On Sun, Oct 1, 2017 at 3:27 PM, Mark Friedenbach <mark@friedenbach.org> wrote:
> On Oct 1, 2017, at 12:05 PM, Russell O'Connor <roconnor@blockstream.io> wrote:
>
> Given the proposed fixed signature size, It seems better to me that we create a SIGHASH_WITNESS_WEIGHT flag as opposed to SIGHASH_WITNESS_DEPTH.

For what benefit? If your script actually uses all the items on the stack, and if your script is not written in such a way as to allow malleability (which cannot be prevented in general), then they’re equivalent. Using weight instead of depth only needlessly restricts other parties to select a witness size up-front.

Creating a Bitcoin script that does not allow malleability is difficult and requires wasting a lot of bytes to do so, typically when handling issues around non-0-or-1 witness values being used with OP_IF, and dealing with non-standard-zero values, etc.  Adding a witness weight flag cuts through the worst of all this, and makes script design enormously simpler and makes scripts smaller and cheaper.
 
And to be clear, signing witness weight doesn’t mean the witness is not malleable. The signer could sign again with a different ECDSA nonce. Or if the signer is signing from a 2-of-3 wallet, a common scenario I hope, there are 3 possible key combinations that could be used. If using MBV, a 3-element tree is inherently unbalanced and the common use case can have a smaller proof size.

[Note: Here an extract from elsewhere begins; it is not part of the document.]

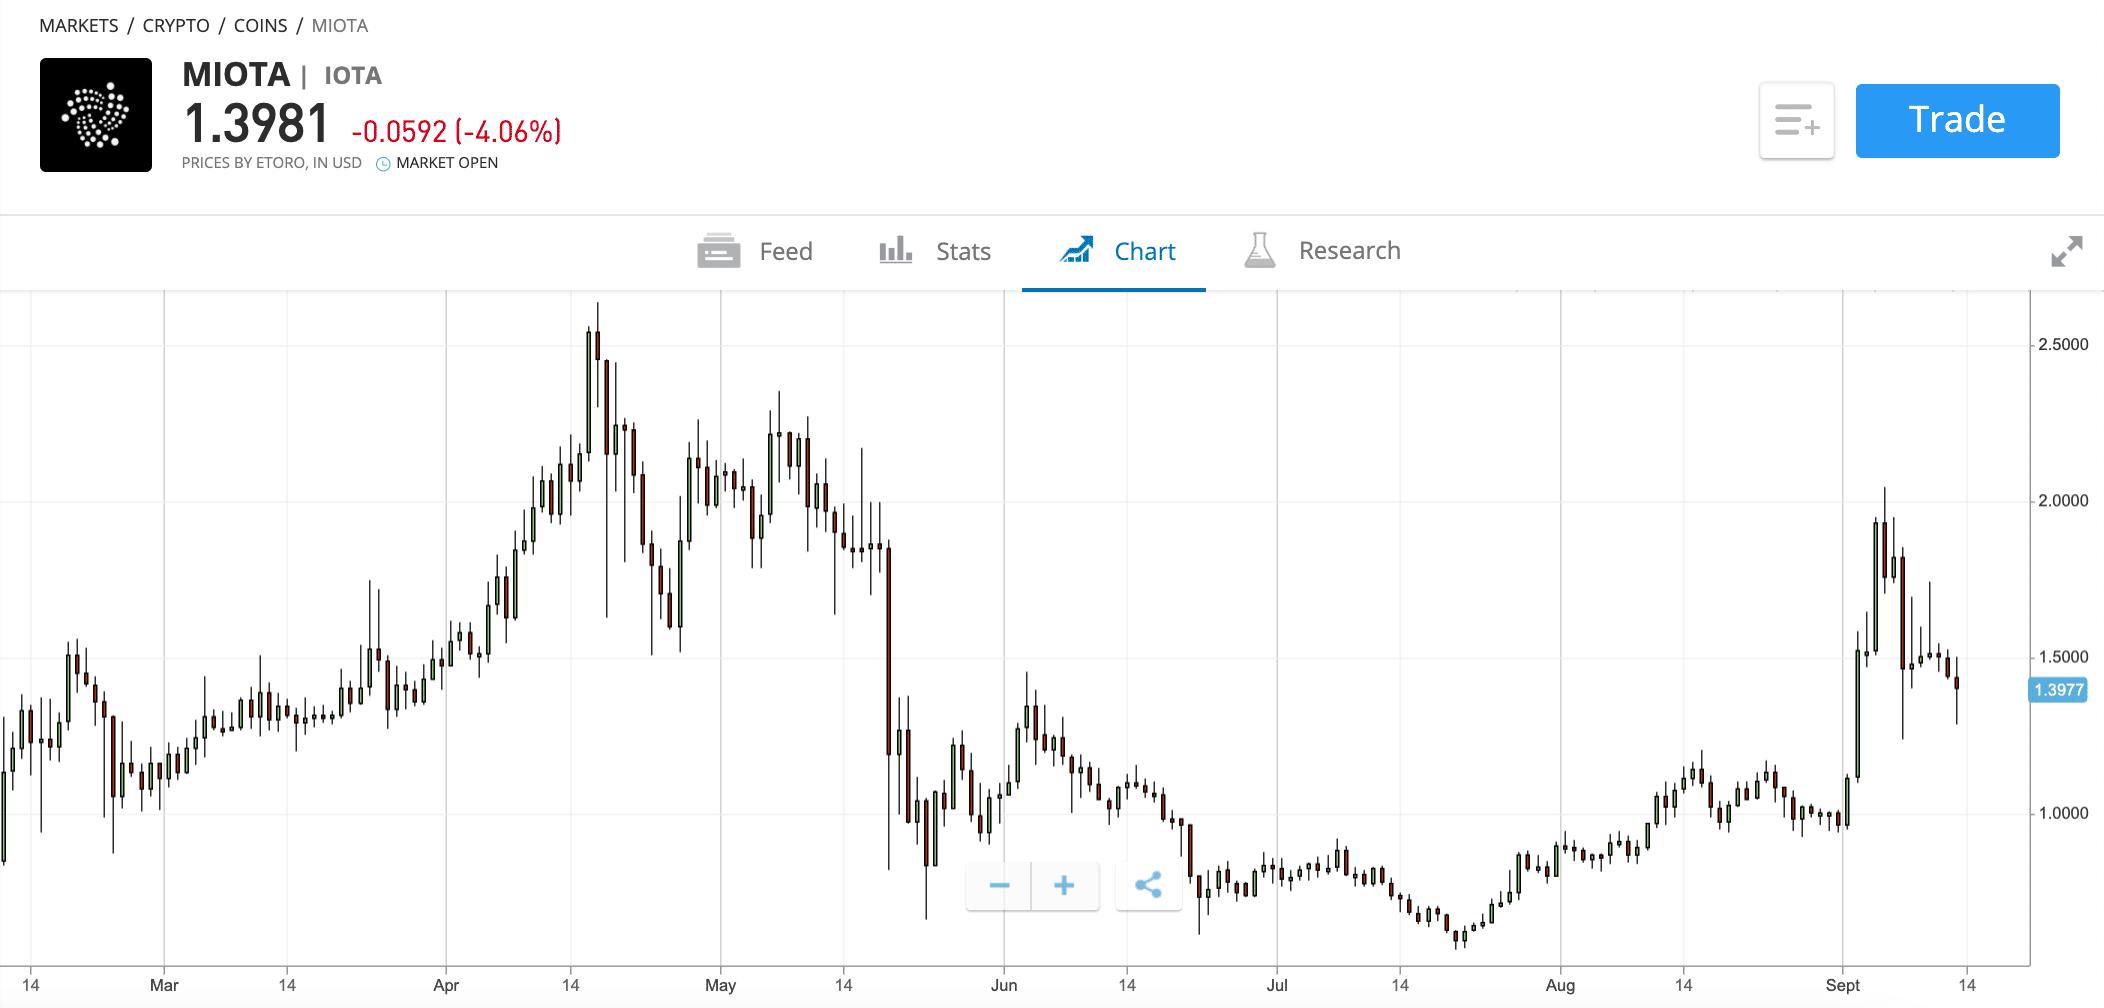 etoro iota price chart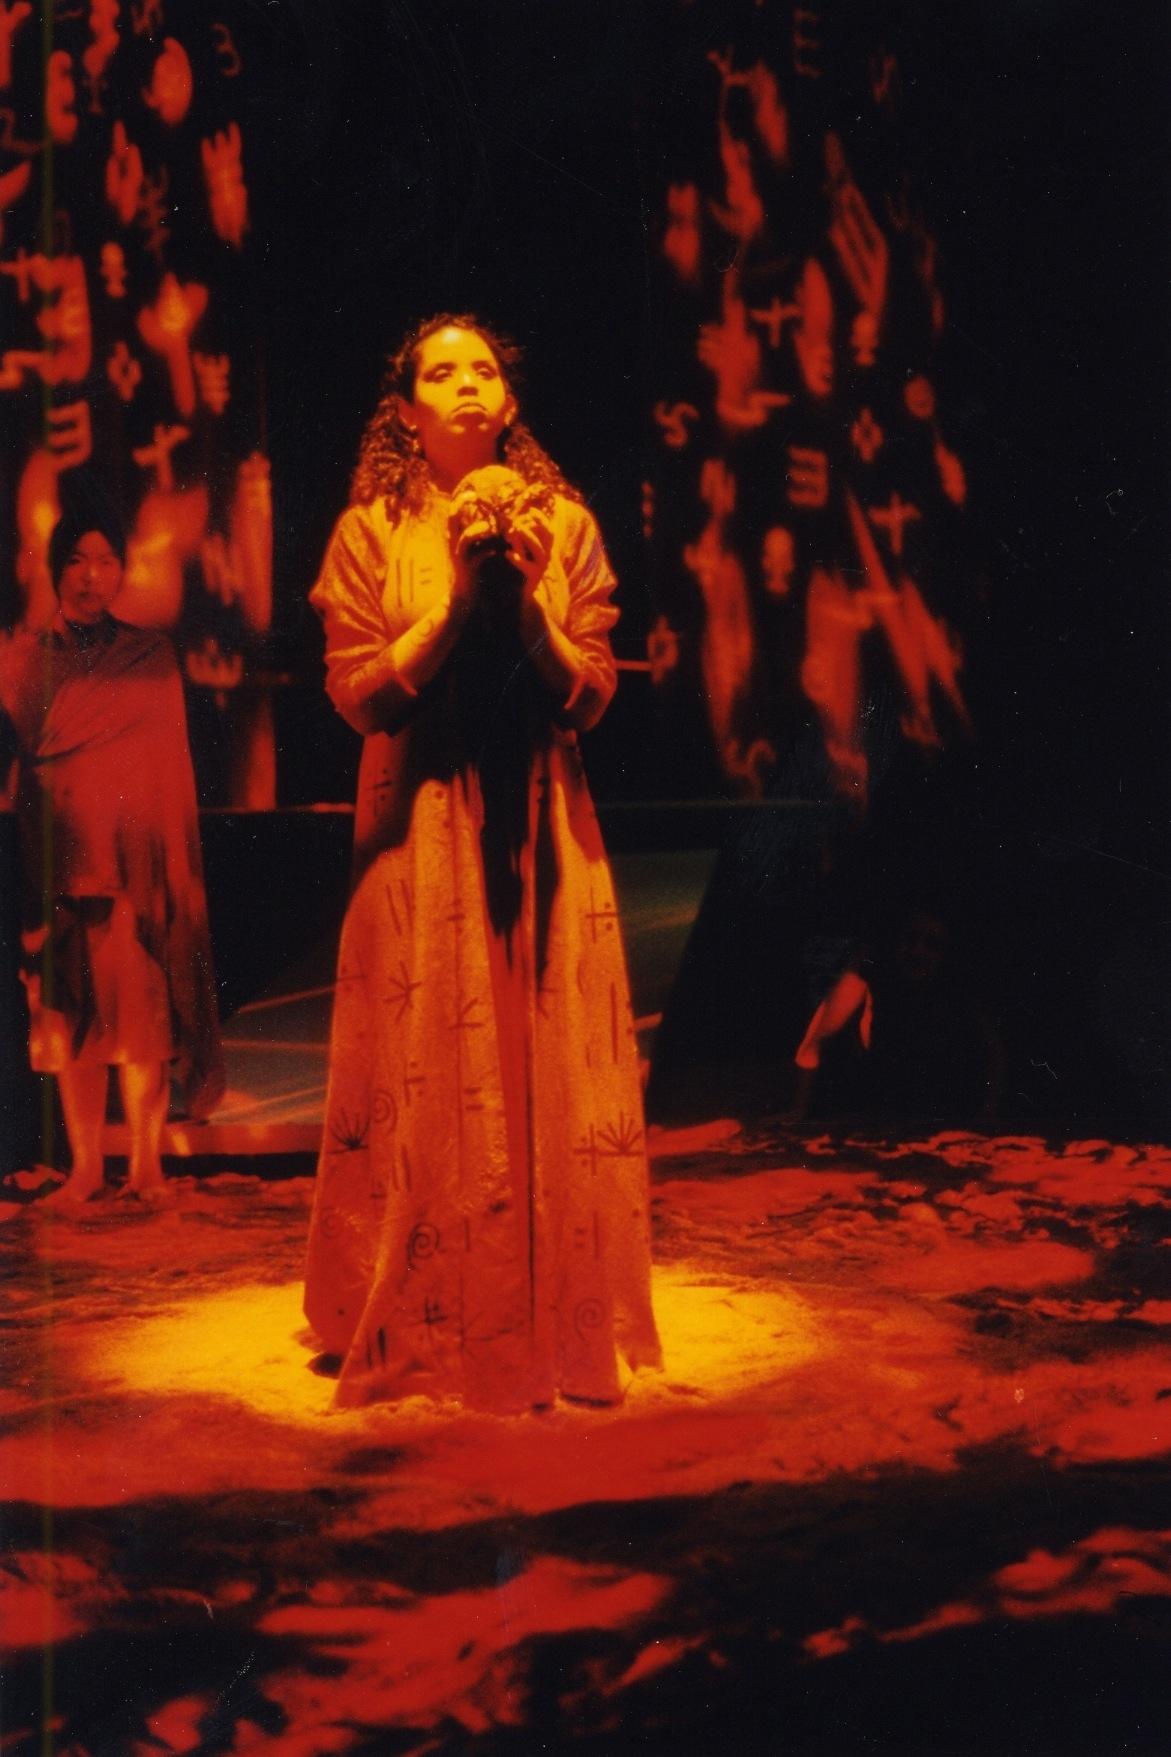 Caroline Taylor Medea 2002 a

Witnesses are not 3rd party malleable and we will maintain that property going forward with future opcodes.

> Mark, you seem to be arguing that in general we still want weight malleability even with witness depth fixed, but I don't understand in what scenario we would want that.

Any time all parties are not online at the same time in an interactive signing protocol, or for which individual parties have to reconfigure their signing choices due to failures. We should not restrict our script signature system to such a degree that it becomes difficult to create realistic signing setups for people using best practices (multi-key, 2FA, etc.) to sign. If I am a participant in a signing protocol, it would be layer violating to treat me as anything other than a black box, such that internal errors and timeouts in my signing setup don’t propagate upwards to the multi-party protocol.

For example, I should be able to try to 2FA sign, and if that fails go fetch my backup key and sign with that. But because it’s my infrequently used backup key, it might be placed deeper in the key tree and therefore signatures using it are larger. All the other signers need care is that slot #3 in the witness is where my Merkle proof goes. They shouldn’t have to restart and resign because my proof was a little larger than anticipated — and maybe they can’t resign because double-spend protections!

I'll argue that I don't want my counter-party going off and using a very deeply nested key in order to subvert the fee rate we've agreed upon after I've signed my part of the input.  If we are doing multi-party signing of inputs we need to communicate anyways to construct the transaction.  I see no problem with requiring my counter-party to choose their keys before I sign so that I know up front what our fee rate is going to be.  If they lose their keys and need a backup, they should have to come back to me to resign in order that we can negotiate a new fee rate for the transaction and who is going to be covering how much of the fee and on which inputs.